■ **What is needed**
Reproduce the entries that follow exactly. No picture should appear in the result.

■ **Data**
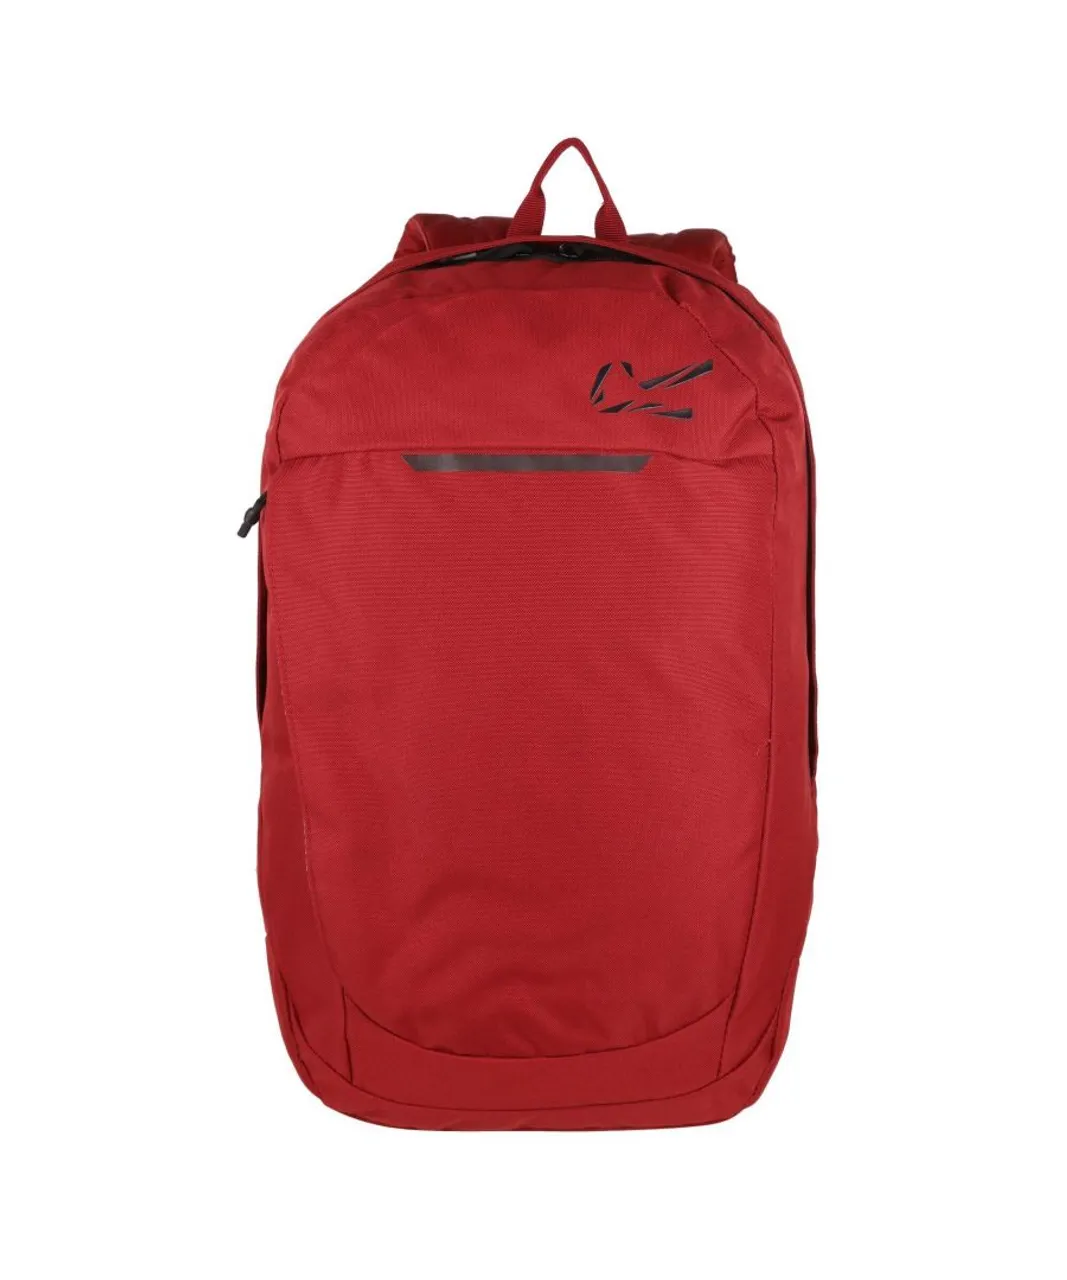 Regatta Unisex Backpack (Delhi Red) - One Size
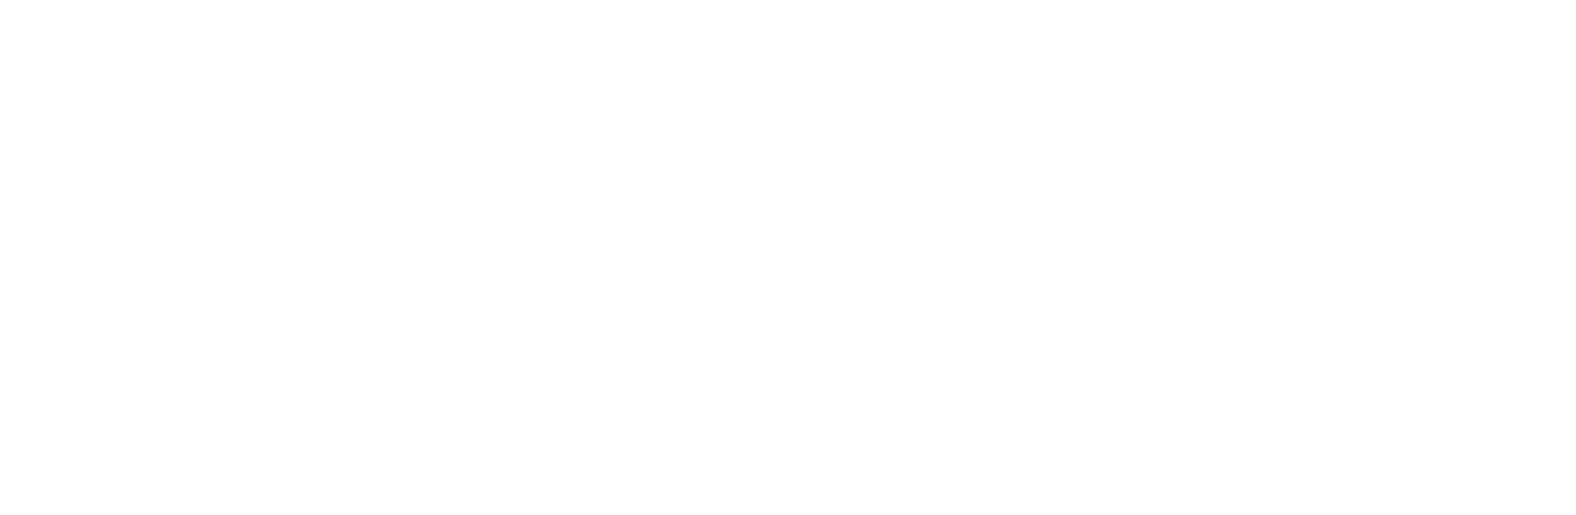 Svenska Cellulosa Aktiebolaget (SCA) logo grand pour les fonds sombres (PNG transparent)
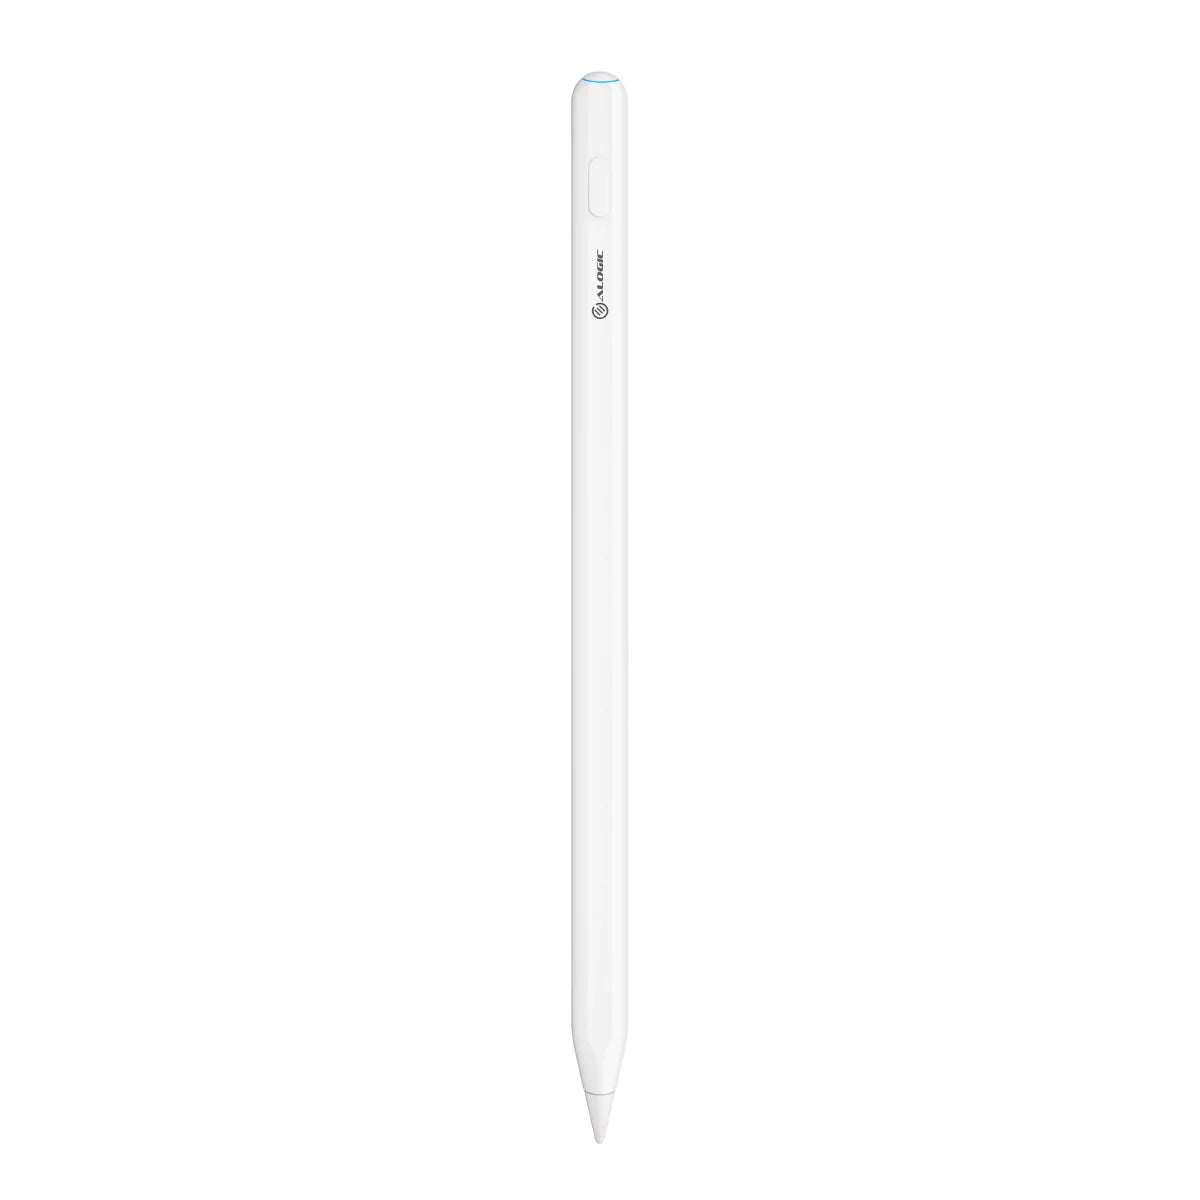 iPad Stylus Pen with Wireless Charging
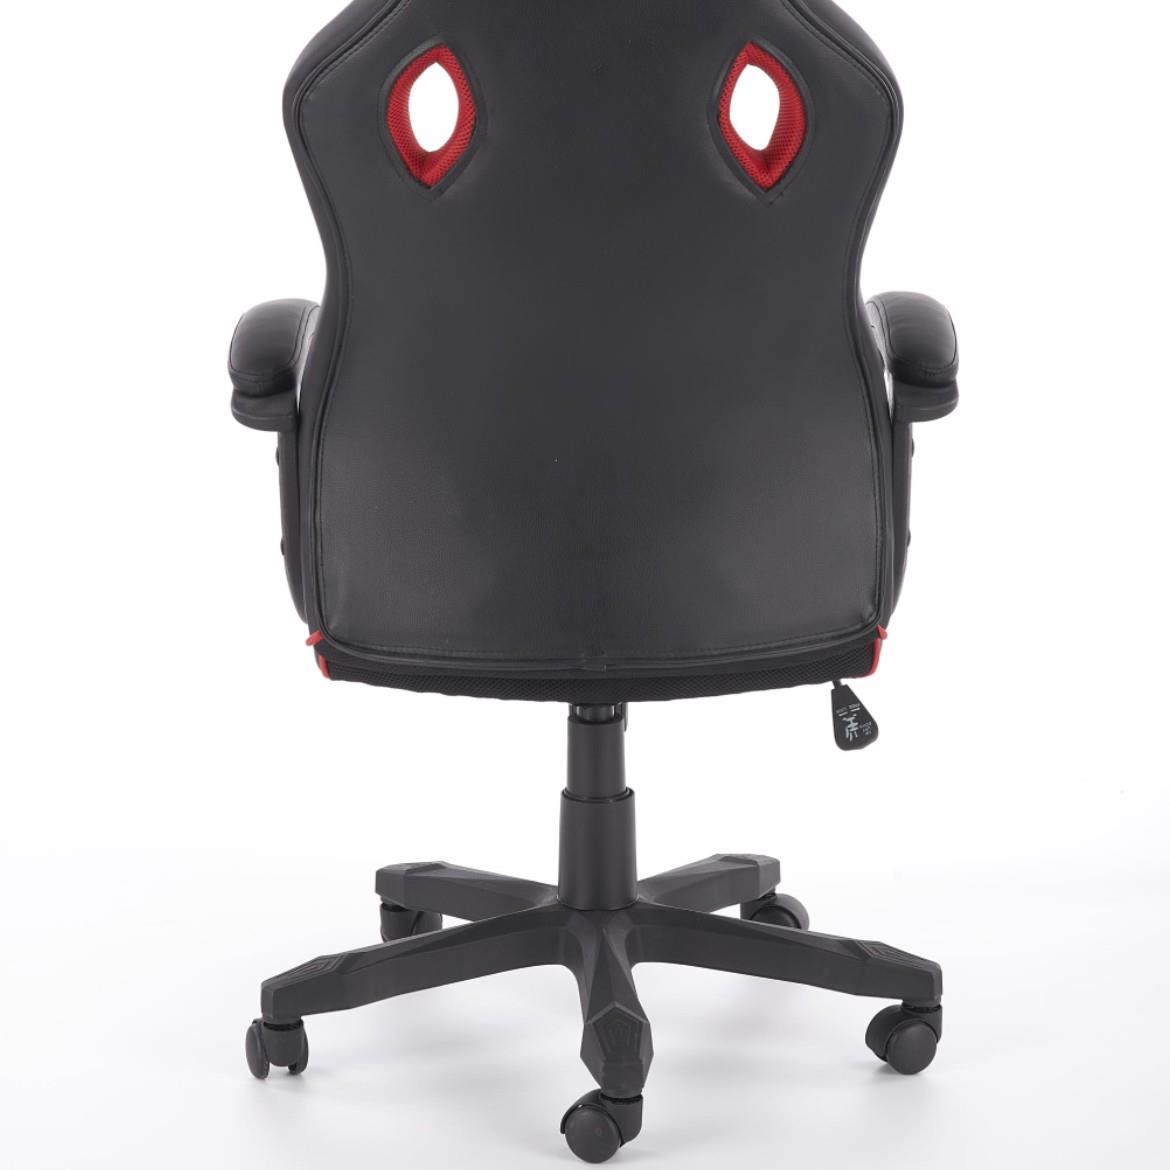 Baffin kancelarijska fotelja 64x70x118 cm crno/crvena
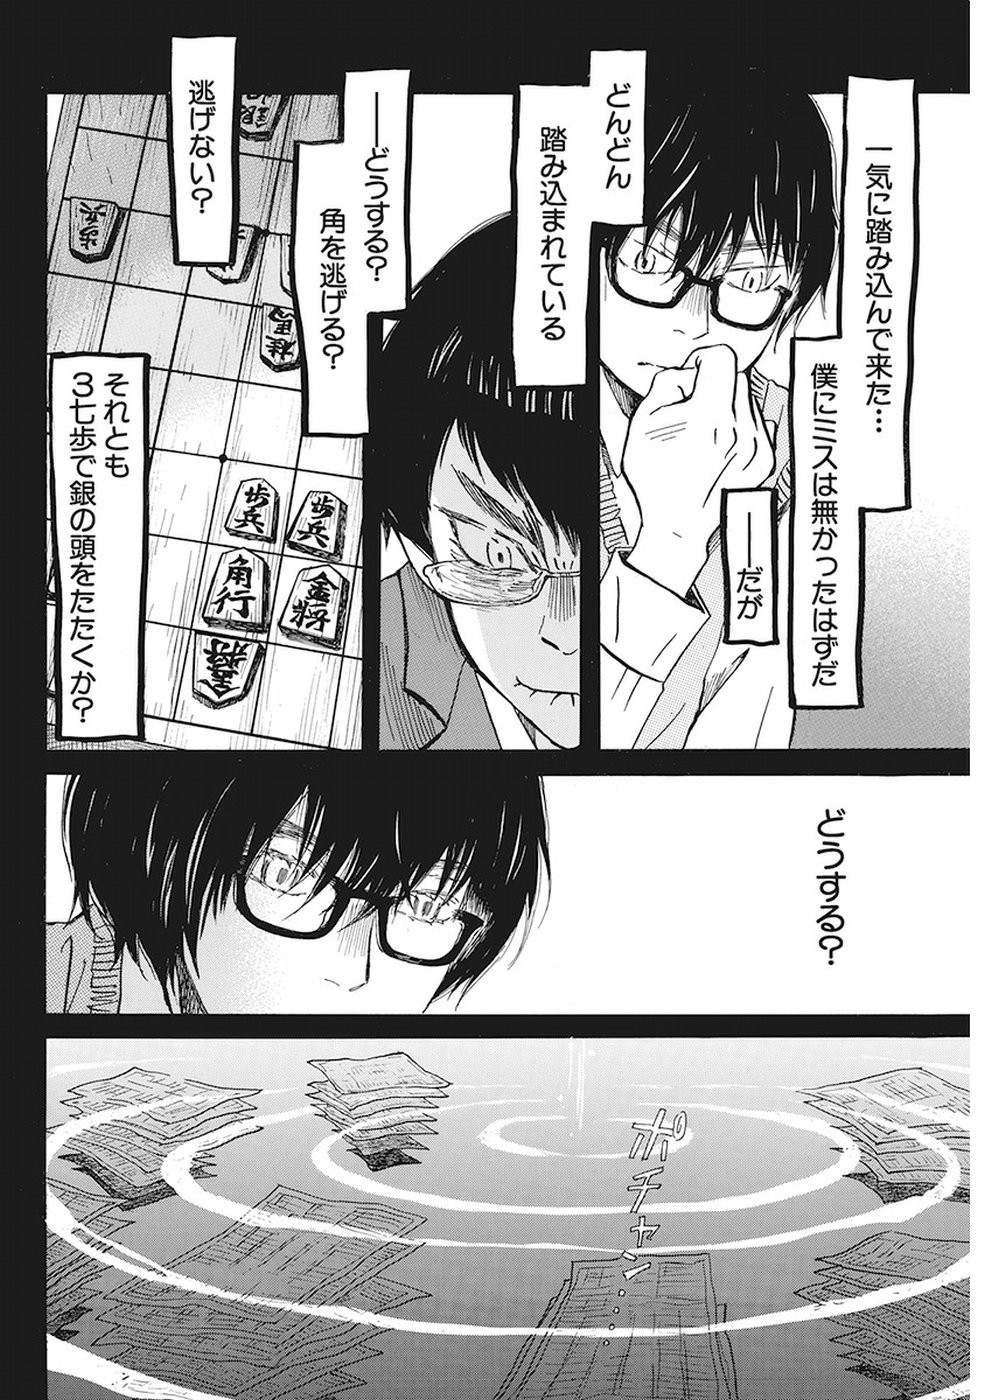 3 Gatsu no Lion - Chapter 159 - Page 8
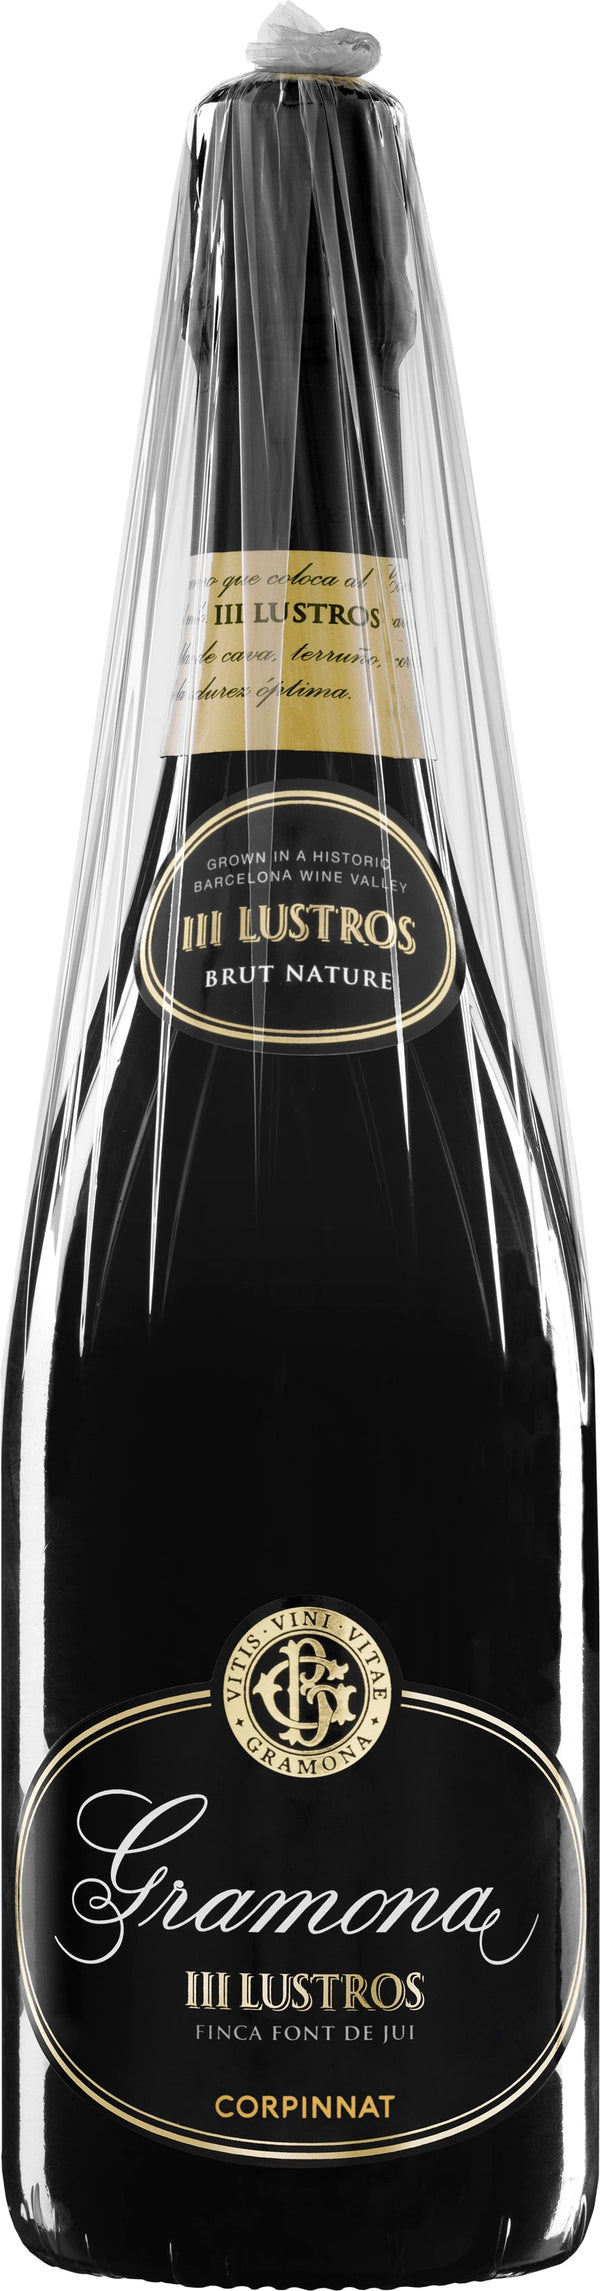 Gramona III Lustros Brut Nature Organic 2015 6x75cl - Just Wines

■ **Output below**
 Regatta Unisex Backpack (Delhi Red) - One Size
 Svenska Cellulosa Aktiebolaget (SCA) logo grand pour les fonds sombres (PNG transparent)
 iPad Stylus Pen with Wireless Charging
 Baffin kancelarijska fotelja 64x70x118 cm crno/crvena
 3 Gatsu no Lion - Chapter 159 - Page 8
 Gramona III Lustros Brut Nature Organic 2015 6x75cl - Just Wines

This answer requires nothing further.